British tobacco companies are bracing themselves for a series of financially devastating court challenges after one of the world's most powerful tobacco giants was ordered to pay a record £6.5 billion by a court last week.
Lawyers have hailed the ruling against Philip Morris USA as the successful debut for a series of legal attacks across the world that could embroil British cigarette makers - already fighting to recover from a number of costly legal bans, fines and falling share prices - for years to come.
'The tobacco industry is well on its way to becoming a pariah industry in the UK,' said Amanda Sandford from the anti-smoking group, Ash. 'We've had the health argument and the economic argument but now we're having the moral argument about how the industry aggressively and deliberately sets out to hook children and deceive their customers.'
British tobacco companies are already attempting to find ways to combat the recent ban on advertising and the forthcoming European ban on describing cigarettes as mild, light or low- tar from September; a ban that will force one of the world's most famous cigarette brands, Marlboro Light, to change its name.
Under the same laws, UK companies Gallagher and Imperial will be compelled to increase the size of health warnings on their packets by more than 30 per cent. They also risk being forced to print graphic photographs of cancerous lungs and black teeth on packets, alongside blunt health warnings including 'Smoking is Suicide'.
But the industry is determined that its market position will emerge unscathed from the challenges: 'This industry has a great future,' insisted Dave Betteridge, spokesman for British American Tobacco, the largest tobacco company in the world after Philip Morris.
'All businesses make mistakes but governments are torn in their attitudes towards us; their departments of health would like to stop smoking but their treasuries couldn't do without us,' he added. 'All we're asking for is some time to show that we've changed.'
In the first group-action lawsuit ever won against a tobacco company and the first low-tar cigarette case to reach trial, Philip Morris was found guilty by the Illinois court of deliberately misleading smokers into believing that light cigarettes were safer than regular brands.
'These "lights" claims are particularly challenging for the whole tobacco industry,' said Martin Feldman, a tobacco analyst at Merrill Lynch, pointing out that nearly identical lawsuits have been filed in 11 American states.

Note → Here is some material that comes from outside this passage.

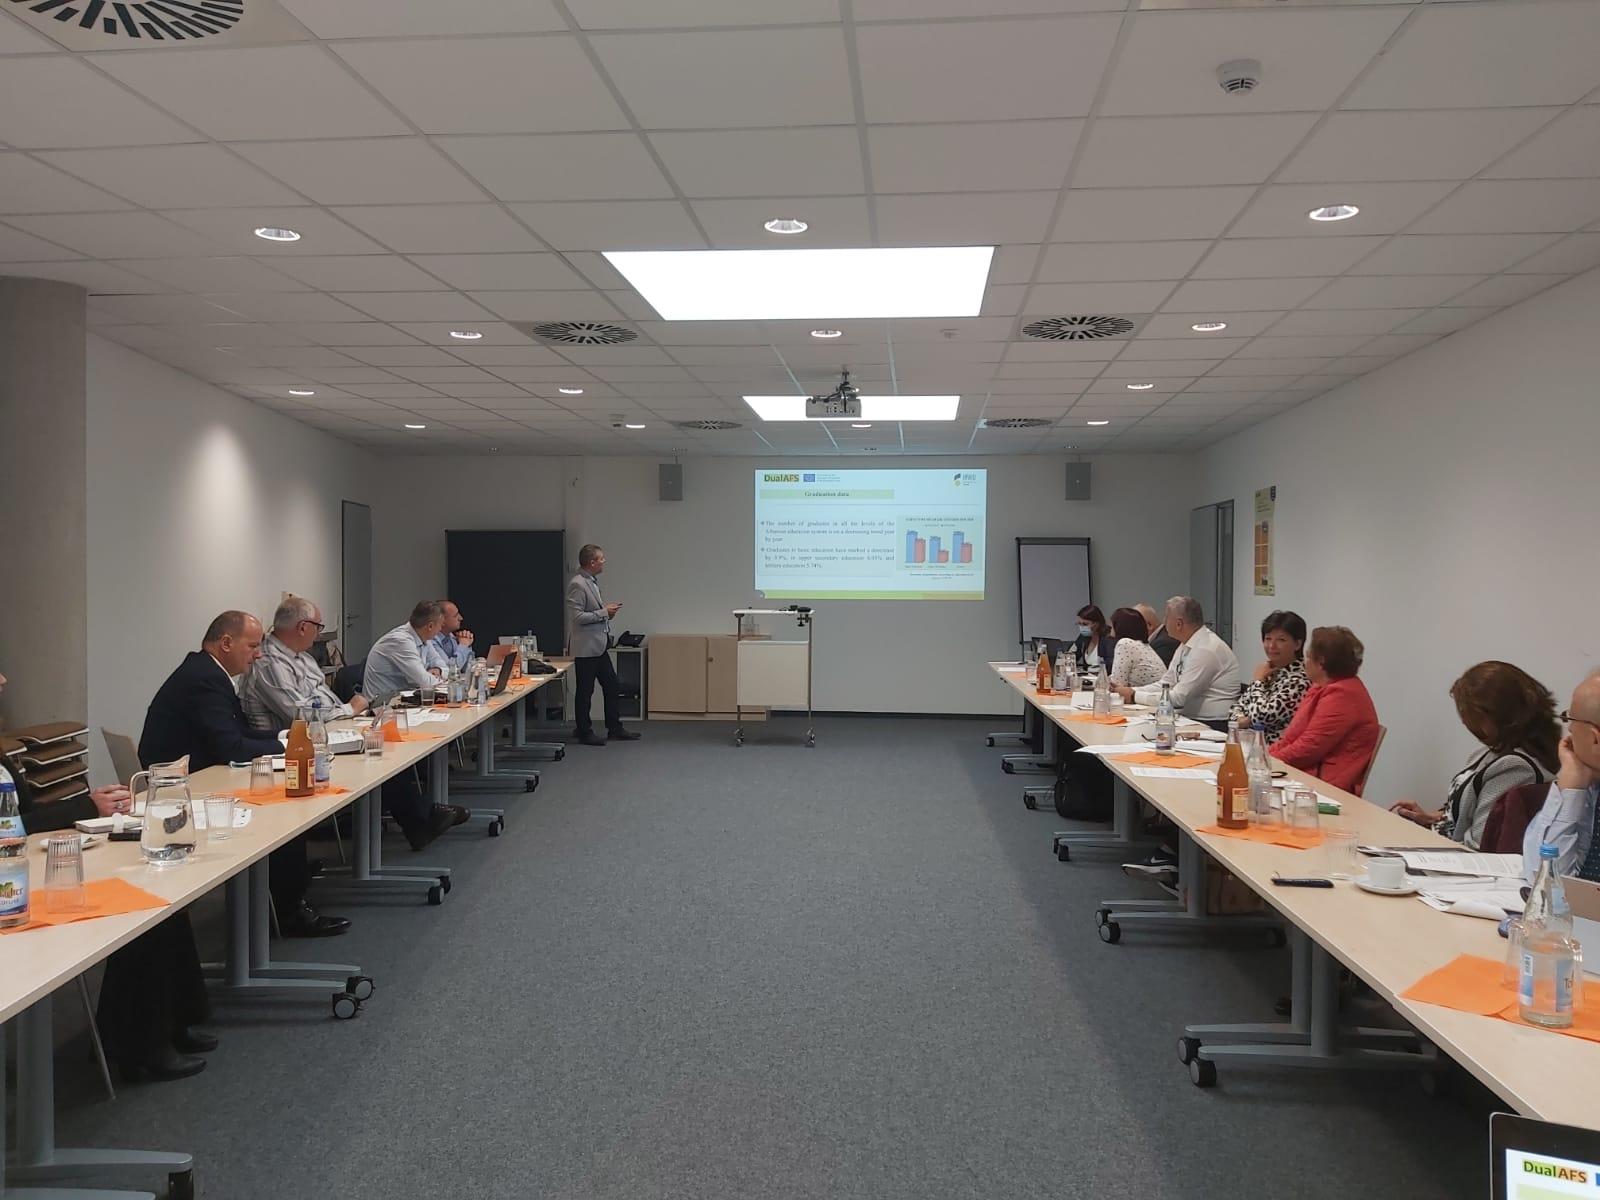 Në kuadër të projektit DualAFS u mbajt takimi i tretë i anëtarëve të Këshillit Drejtues

The lawsuits accuse each of the world's biggest tobacco companies of violating state consumer protection laws by failing to deliver on a promise of lower health risks with 'light' cigarettes.
Philip Morris immediately denounced the verdict and said it would appeal. But to do so, it will have to post a £7.7 billion appeal bond at the court, which tobacco analysts insist it cannot afford.
'This verdict ignores the law, it ignores the facts and it defies common sense,' said William S. Ohlemeyer, vice president and associate general counsel at Philip Morris, who added that the company will contest the size of the bond. 'It is the kind of decision that causes people to laugh at what happens in courtrooms.'
Professor Stan Glantz, who led the campaign to banish smoking from California's bars, restaurants and public parks during the Nineties and whose investigations into smoking's dangers formed the background for the film, The Insider, starring Russell Crowe and Al Pacino, disagrees.
'There's no single magic bullet that will destroy the world's tobacco companies but we're making tremendous process,' said Glantz, who also helped US state attorneys win a total of £133bn in settlements with the tobacco lobby. 'The prospect of a world free of the tobacco industry is looking more likely than I would ever have thought possible a few years ago.'
The ruling came as the tobacco industry was still struggling to come to terms with the ruling earlier last week by the US Justice Department that companies could be forced to forfeit £185bn in profits derived from half a century of fraudulent and dangerous marketing practices.
In a condemnation that will affect tobacco companies across the world, the US Justice Department accused the industry of running what amounted to a criminal enterprise by manipulating nicotine levels, lying to their customers about the dangers of tobacco and targeting children in their multibillion-pound advertising campaigns.